BIODIVERSITY MONITORING
We collected benthic macroinvertebrates in three replicates from each of the 33 shallow coastal habitats of Lake Biwa in winter (February 2006) using a 475-μm-mesh Sarvar net with a 30 × 30 cm quadrat (see Karube et al. 2010 for details). At each sampling site, we also collected basal resources, particulate organic matter (POM) and epilithic organic matter (EOM), in November 2005, February, May, and July 2006, and measured the quarterly dissolved oxygen (DO) concentration (mg/L) and water temperature (WT) of the coastal waters (see Sakai et al., 2013 for details). The average chlorophyll-a concentration for quarterly POM and EOM samples was used as an indicator for phytoplankton and benthic algal biomass, respectively, and the average DO and WT were used as indicators for coastal environments. Among these coastal sites, 29 were located near the mouth of tributary rivers, which greatly vary in catchment size and land use patterns, whereas four sites separate from the river mouth were considered control sites with the least fluvial impacts (see Sakai et al. 2013 for details). In this watershed, agricultural land use is regarded as the most critical driver of biodiversity loss in stream macroinvertebrate communities (Ko et al., 2021), which can also impact lake macroinvertebrate diversity viariver inflows (Okano et al., 2018).
For three sub-samples at each site, macroinvertebrates were sorted, identified, and counted, after which their dry mass was measured for each taxon. The average biomass per unit area (mg/m2) was calculated from the average individual body mass (mg) multiplied by the average numerical abundance (individuals/m2) for three replicates of each taxon at each site. The Shannon–Wiener diversity index (H ′) was calculated as follows:
H ’ = \(\sum_{i=1}^{S}{(p_{i}\times\text{ln\ }p_{i})}\) (1)

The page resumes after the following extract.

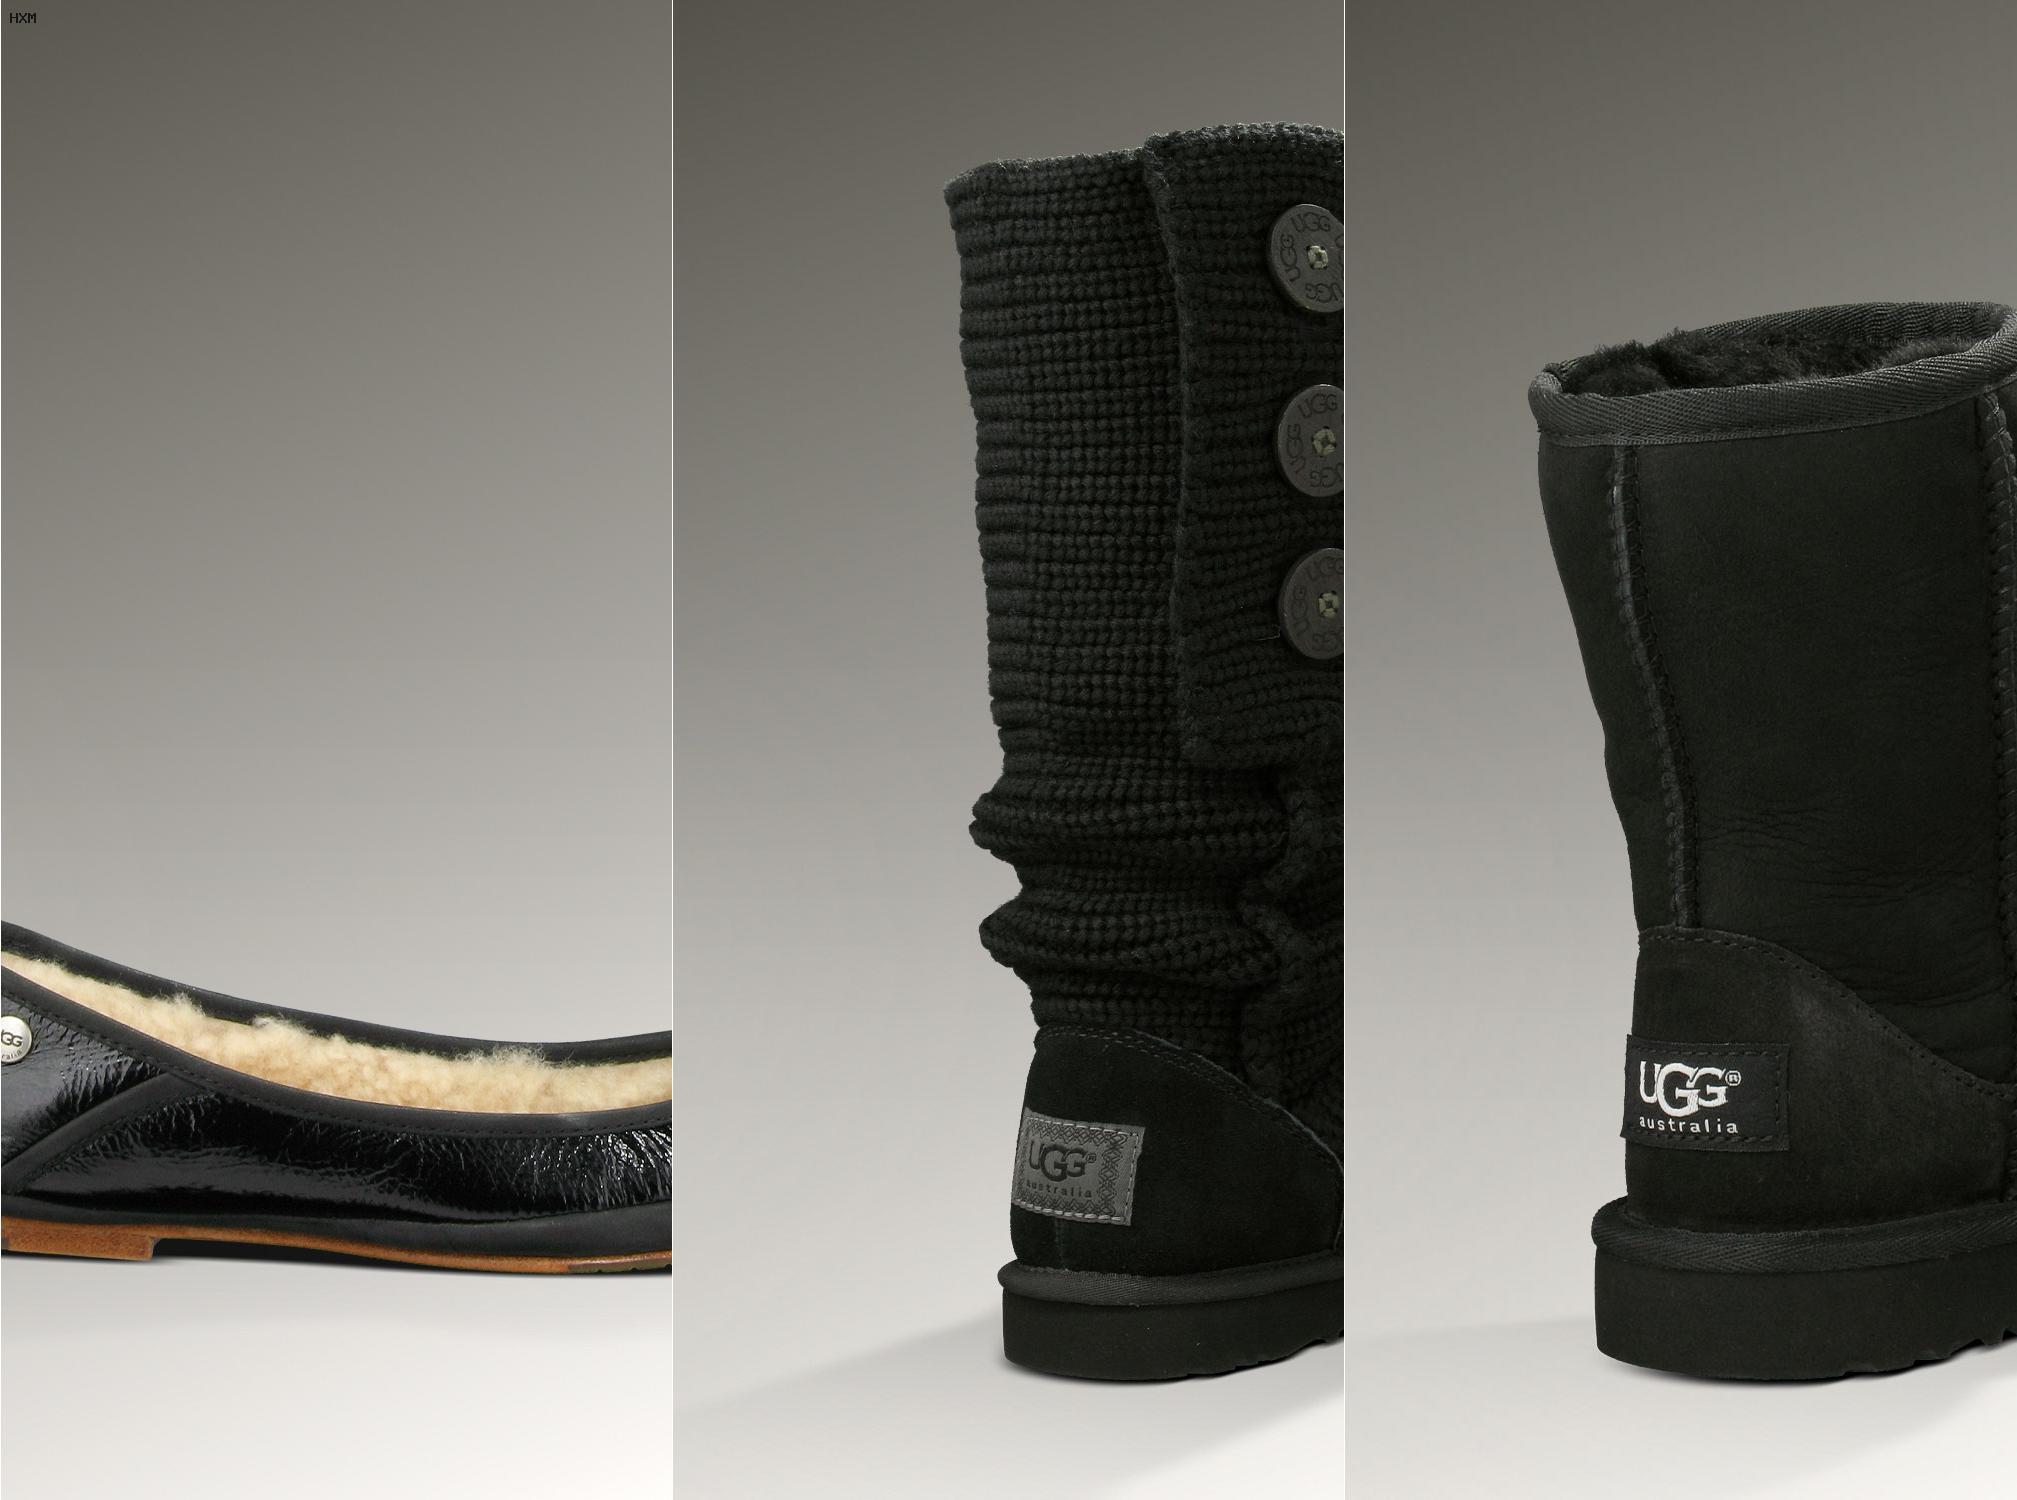 marca ugg zapatos

where S and pi denote the total number of taxa (i.e., taxonomic richness) and the relative numerical abundance of each taxon in each of the local communities. Some small-sized animals, such as oligochaetes, chironomids, and midges, were difficult to quickly identify to a fine taxonomic resolution under fresh conditions for stable isotope analysis, and leeches (Hirudinea) were difficult to identify without anatomical observation. Since these animals were classified into higher taxonomic levels, which can be characterized by functional feeding groups, H ’ is regarded as an indicator of functional diversity when considering numerical abundance and equality.
For carbon (δ13C) and nitrogen (δ15N) stable isotope analysis, each taxon at each site was provided individually or in bulk in one to three replicates, depending on individual mass (see Karube et al., 2010; Sakai et al., 2013 for methods of isotope sample treatment).